*Exercise requirements*. Pictures are to be excluded. Please print only the lines from the one containing "Steve Corrigan leads" through the end of the data, exactly as they appear.

*The data*.
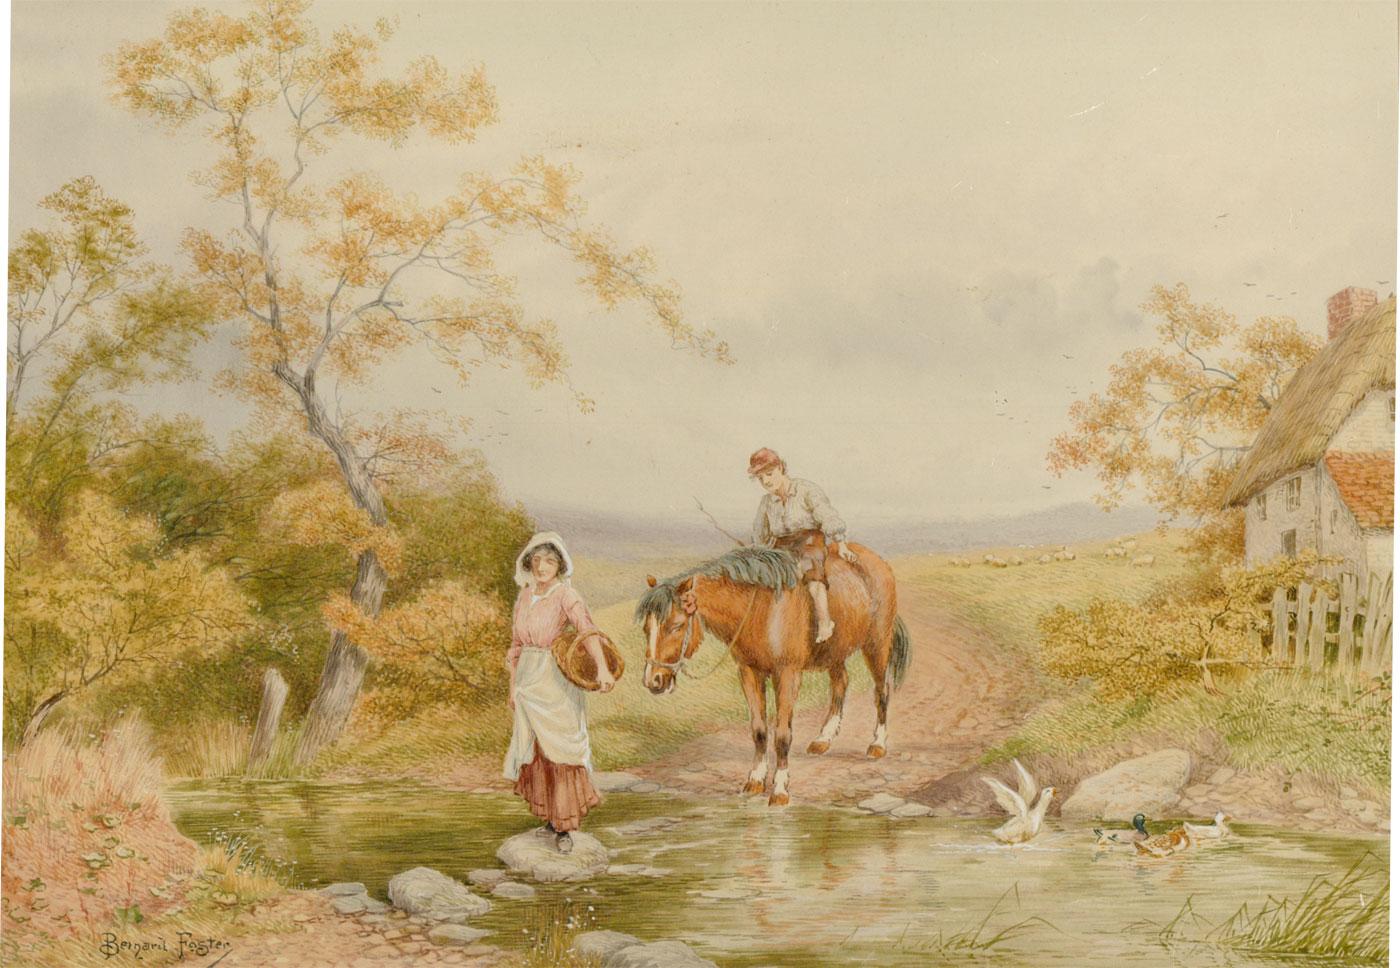 Bernard Foster - Signed 19th Century Watercolour, Travellers in a Landscape For Sale 1
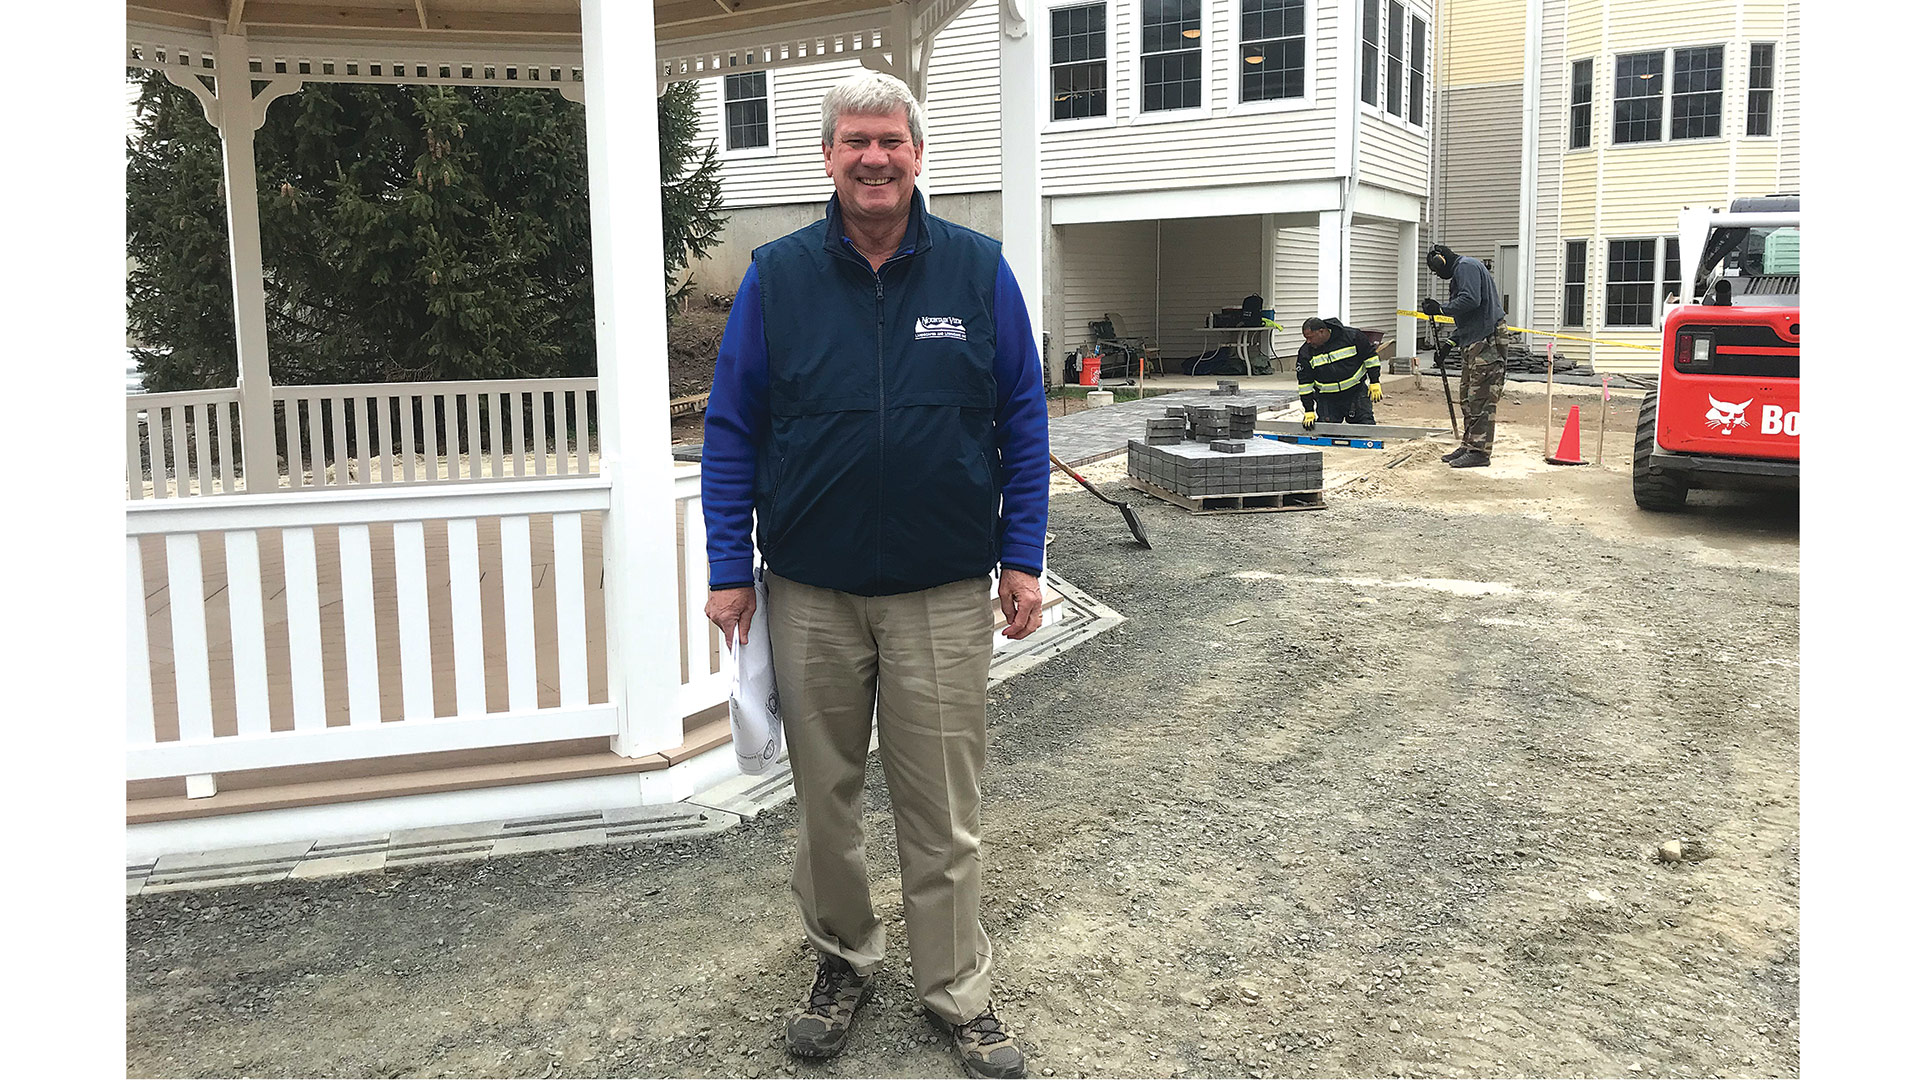 Steve Corrigan leads his crew as they install pavers at Loomis Village in South Hadley
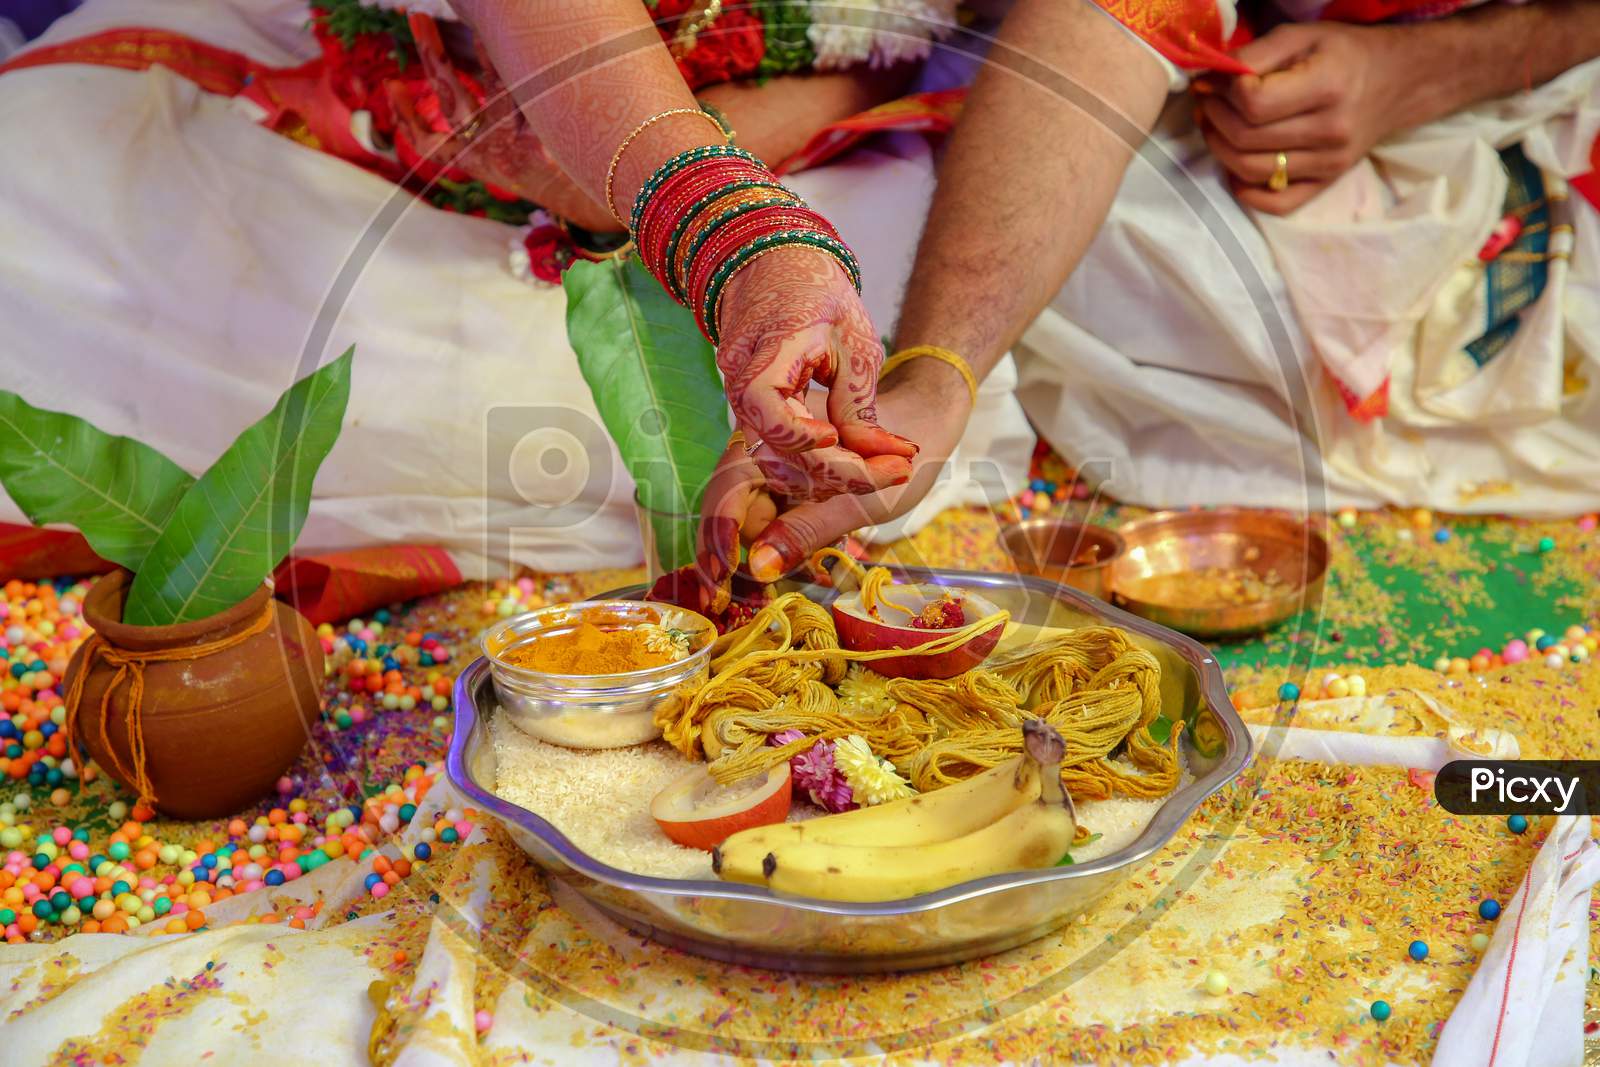 South Indian Wedding Rituals At an Traditional Tamil Bramhins Wedding Ceremony
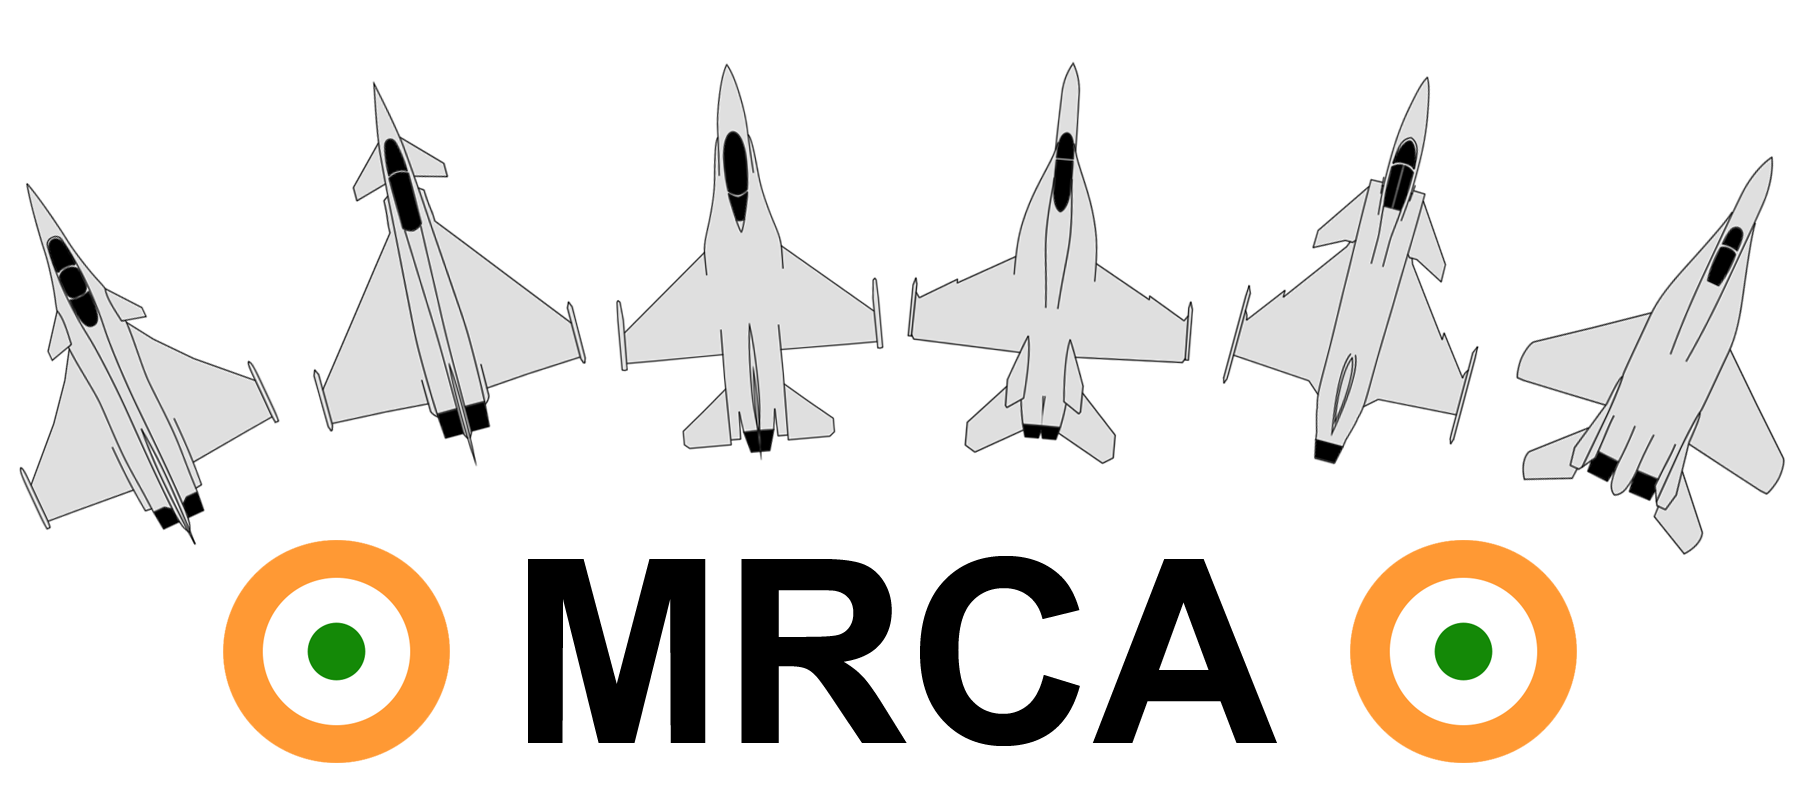 India_MRCA-6.png

*Response to this exercise*.
 Steve Corrigan leads his crew as they install pavers at Loomis Village in South Hadley
 South Indian Wedding Rituals At an Traditional Tamil Bramhins Wedding Ceremony
 India_MRCA-6.png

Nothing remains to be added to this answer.